##### Exercise data

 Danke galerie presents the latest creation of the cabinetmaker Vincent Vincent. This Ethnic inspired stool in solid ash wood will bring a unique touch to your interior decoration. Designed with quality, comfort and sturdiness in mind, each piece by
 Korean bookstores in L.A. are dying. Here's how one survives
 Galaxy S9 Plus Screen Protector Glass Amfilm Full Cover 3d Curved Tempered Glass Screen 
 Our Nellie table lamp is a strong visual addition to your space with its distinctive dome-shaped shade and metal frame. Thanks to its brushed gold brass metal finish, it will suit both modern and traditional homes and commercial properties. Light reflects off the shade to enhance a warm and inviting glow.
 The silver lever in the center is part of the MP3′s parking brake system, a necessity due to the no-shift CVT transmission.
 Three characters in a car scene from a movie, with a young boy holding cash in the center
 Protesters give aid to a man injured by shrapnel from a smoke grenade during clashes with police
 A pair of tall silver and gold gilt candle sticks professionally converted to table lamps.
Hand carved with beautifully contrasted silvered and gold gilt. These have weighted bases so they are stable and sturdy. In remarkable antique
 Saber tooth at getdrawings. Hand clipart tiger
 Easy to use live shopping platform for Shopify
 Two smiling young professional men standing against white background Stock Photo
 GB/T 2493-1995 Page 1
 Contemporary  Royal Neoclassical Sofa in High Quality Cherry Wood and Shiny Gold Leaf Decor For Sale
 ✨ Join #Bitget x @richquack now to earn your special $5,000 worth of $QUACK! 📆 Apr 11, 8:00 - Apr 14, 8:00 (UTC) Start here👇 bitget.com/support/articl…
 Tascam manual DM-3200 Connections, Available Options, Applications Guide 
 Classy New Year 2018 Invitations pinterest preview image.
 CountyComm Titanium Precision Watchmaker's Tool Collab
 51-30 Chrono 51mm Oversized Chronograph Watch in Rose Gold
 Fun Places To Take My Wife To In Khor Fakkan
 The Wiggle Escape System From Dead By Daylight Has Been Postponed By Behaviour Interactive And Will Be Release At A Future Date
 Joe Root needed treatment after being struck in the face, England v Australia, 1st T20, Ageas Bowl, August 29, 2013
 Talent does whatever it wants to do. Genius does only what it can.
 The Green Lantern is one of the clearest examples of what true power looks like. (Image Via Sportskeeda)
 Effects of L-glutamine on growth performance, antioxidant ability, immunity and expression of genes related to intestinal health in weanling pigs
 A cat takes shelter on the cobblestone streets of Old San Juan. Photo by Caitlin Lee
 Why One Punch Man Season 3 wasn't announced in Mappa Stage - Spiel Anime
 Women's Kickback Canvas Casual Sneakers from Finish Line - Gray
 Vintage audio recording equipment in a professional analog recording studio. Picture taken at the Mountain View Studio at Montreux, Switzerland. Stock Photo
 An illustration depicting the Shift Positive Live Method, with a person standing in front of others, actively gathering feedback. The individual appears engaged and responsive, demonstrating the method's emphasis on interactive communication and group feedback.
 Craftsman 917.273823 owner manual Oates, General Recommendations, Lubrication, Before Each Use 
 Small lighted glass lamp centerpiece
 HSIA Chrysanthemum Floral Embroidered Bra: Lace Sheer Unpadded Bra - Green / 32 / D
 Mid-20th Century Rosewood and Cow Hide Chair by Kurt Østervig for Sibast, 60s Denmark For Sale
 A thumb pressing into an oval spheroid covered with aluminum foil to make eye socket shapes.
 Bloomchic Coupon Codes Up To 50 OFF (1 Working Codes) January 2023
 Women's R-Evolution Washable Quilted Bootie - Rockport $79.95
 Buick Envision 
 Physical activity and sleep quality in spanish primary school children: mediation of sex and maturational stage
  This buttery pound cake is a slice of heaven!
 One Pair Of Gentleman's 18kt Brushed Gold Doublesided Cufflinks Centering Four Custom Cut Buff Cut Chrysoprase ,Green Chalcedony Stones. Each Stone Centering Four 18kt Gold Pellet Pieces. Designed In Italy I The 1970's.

##########

-- To do --
Copy from the entries above each line in which the string "with" can be found.

-- Response area --
 Danke galerie presents the latest creation of the cabinetmaker Vincent Vincent. This Ethnic inspired stool in solid ash wood will bring a unique touch to your interior decoration. Designed with quality, comfort and sturdiness in mind, each piece by
 Our Nellie table lamp is a strong visual addition to your space with its distinctive dome-shaped shade and metal frame. Thanks to its brushed gold brass metal finish, it will suit both modern and traditional homes and commercial properties. Light reflects off the shade to enhance a warm and inviting glow.
 Three characters in a car scene from a movie, with a young boy holding cash in the center
 Protesters give aid to a man injured by shrapnel from a smoke grenade during clashes with police
Hand carved with beautifully contrasted silvered and gold gilt. These have weighted bases so they are stable and sturdy. In remarkable antique
 An illustration depicting the Shift Positive Live Method, with a person standing in front of others, actively gathering feedback. The individual appears engaged and responsive, demonstrating the method's emphasis on interactive communication and group feedback.
 A thumb pressing into an oval spheroid covered with aluminum foil to make eye socket shapes.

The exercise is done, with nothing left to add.